#### [EXERCISE REQUIREMENTS]
Drop the pictures, then extract the listing word for word.

#### [AVAILABLE DATA]
++++++
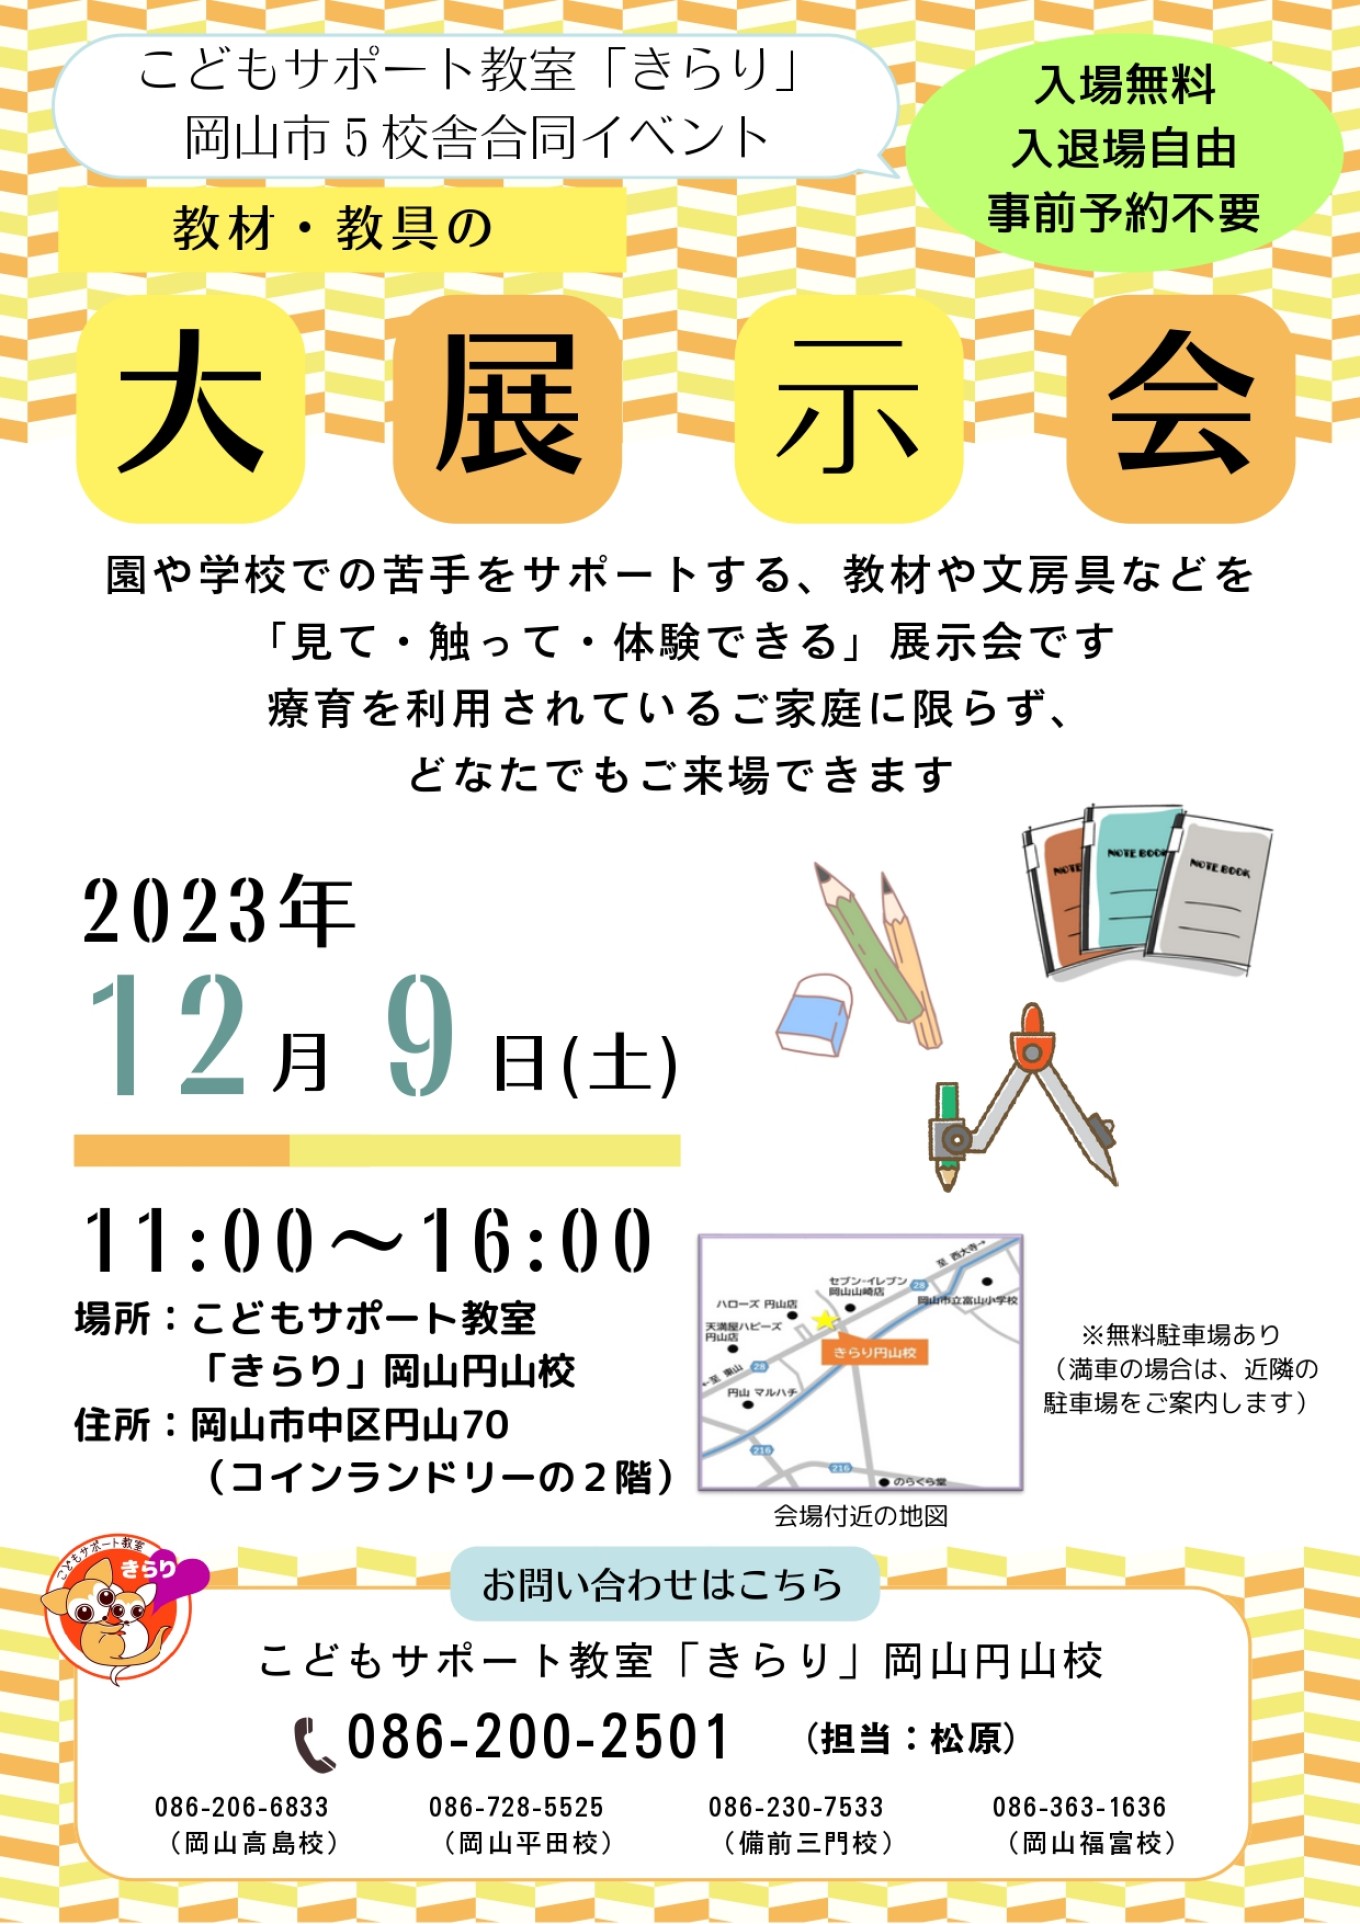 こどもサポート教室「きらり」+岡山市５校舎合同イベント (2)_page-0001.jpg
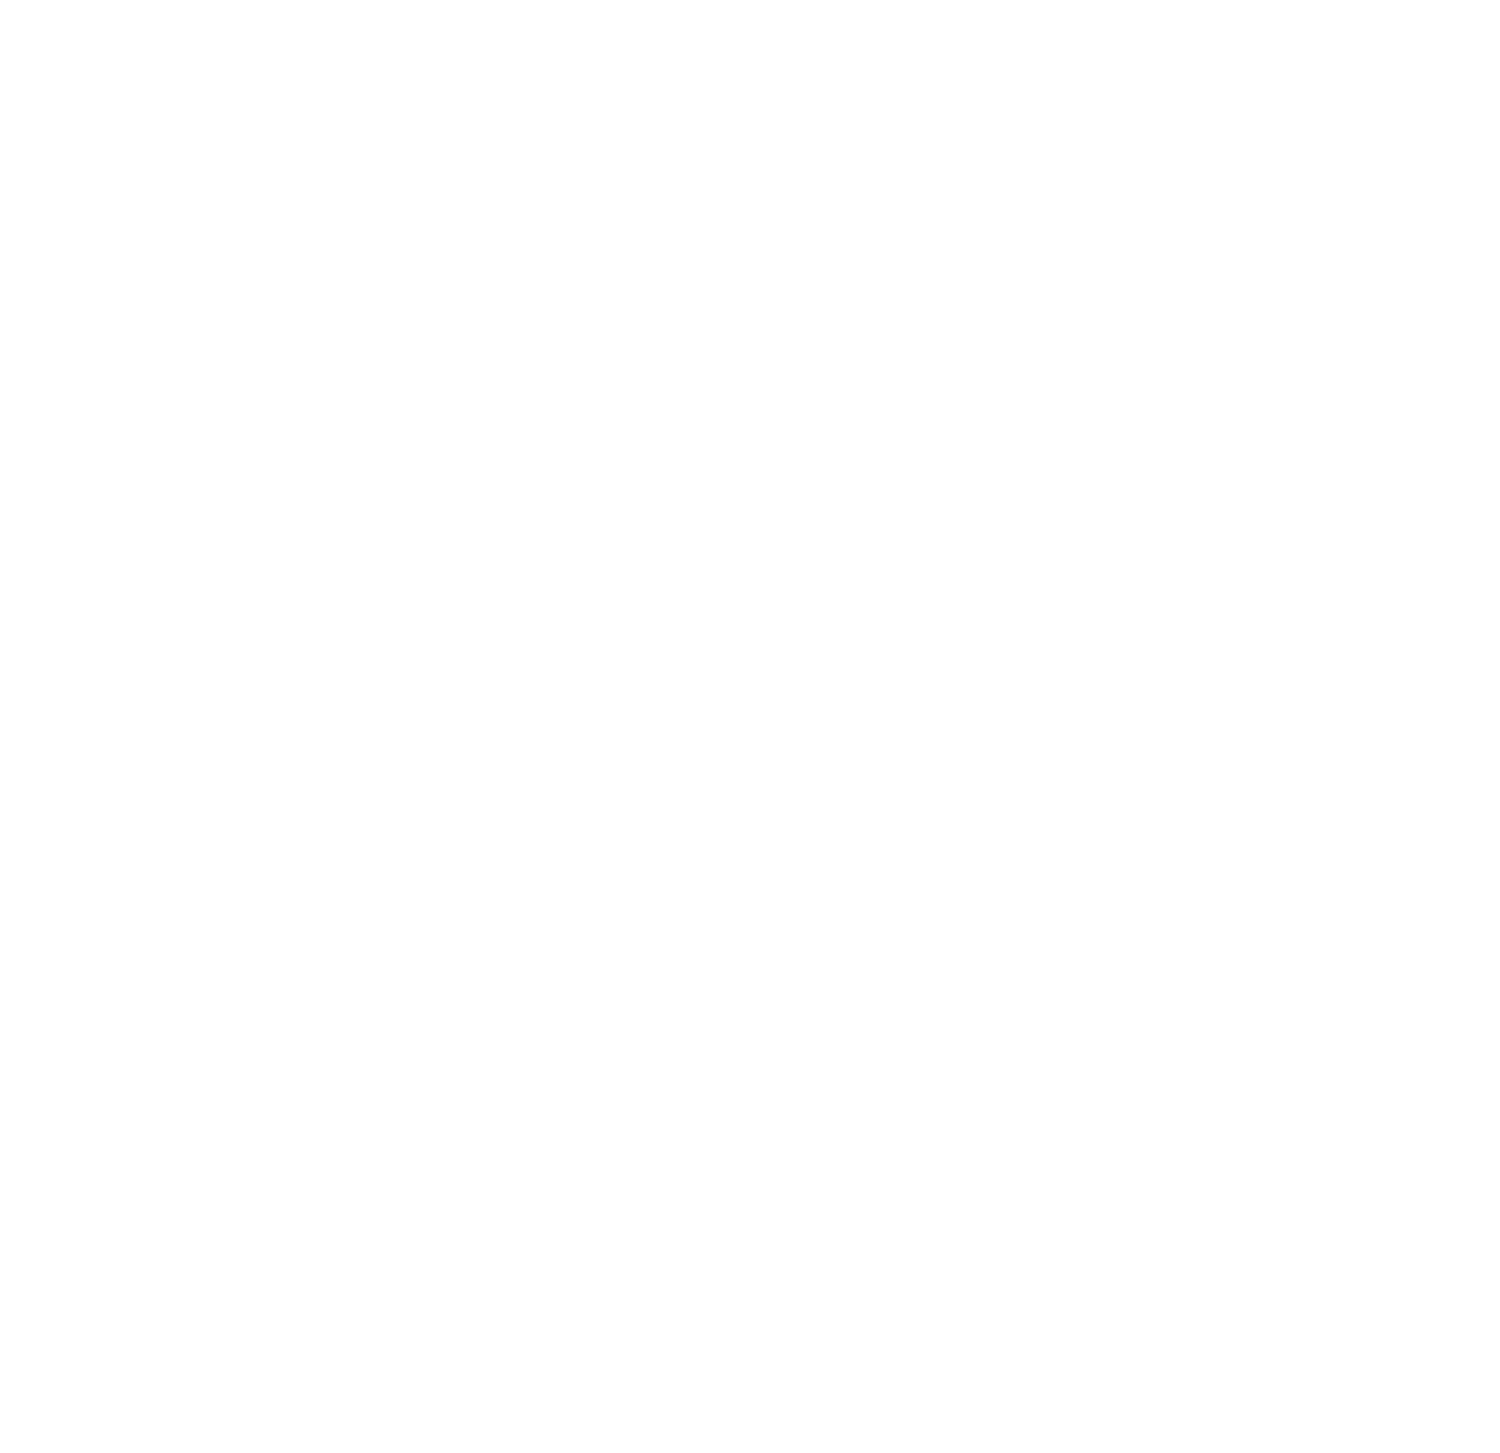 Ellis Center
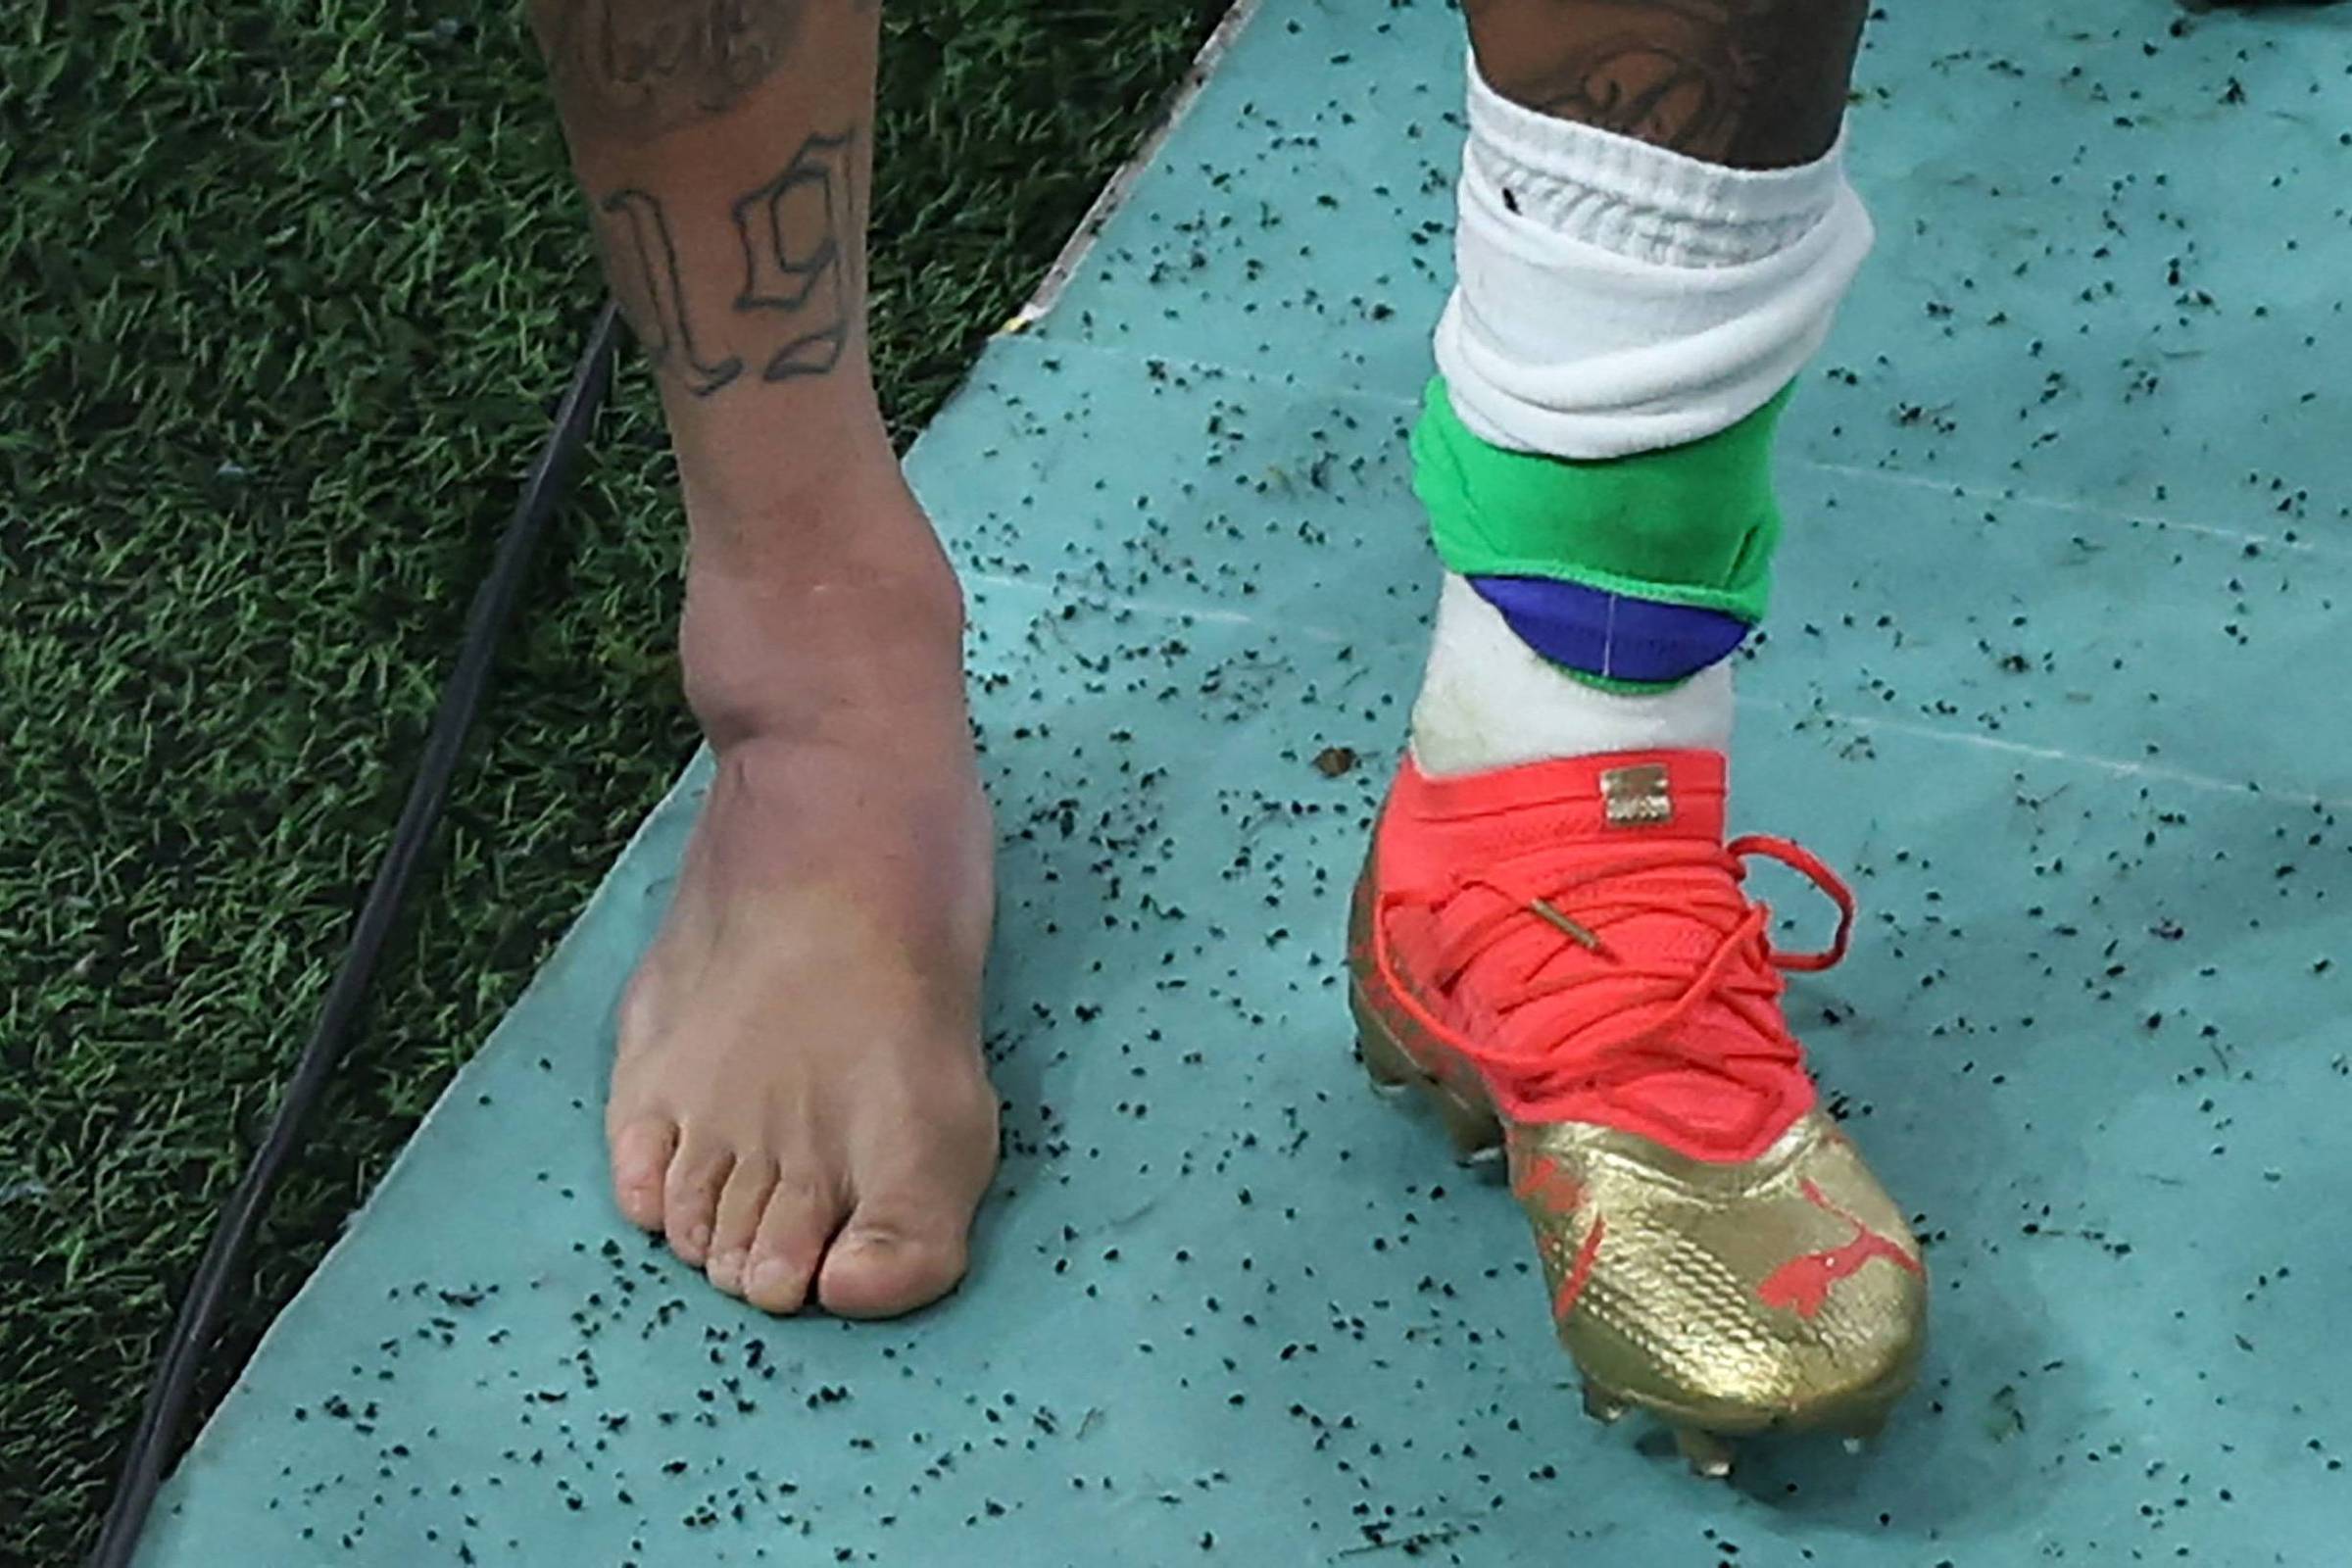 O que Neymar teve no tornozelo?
++++++
#### [EXPECTED ANSWER]
 こどもサポート教室「きらり」+岡山市５校舎合同イベント (2)_page-0001.jpg
 Ellis Center
 O que Neymar teve no tornozelo?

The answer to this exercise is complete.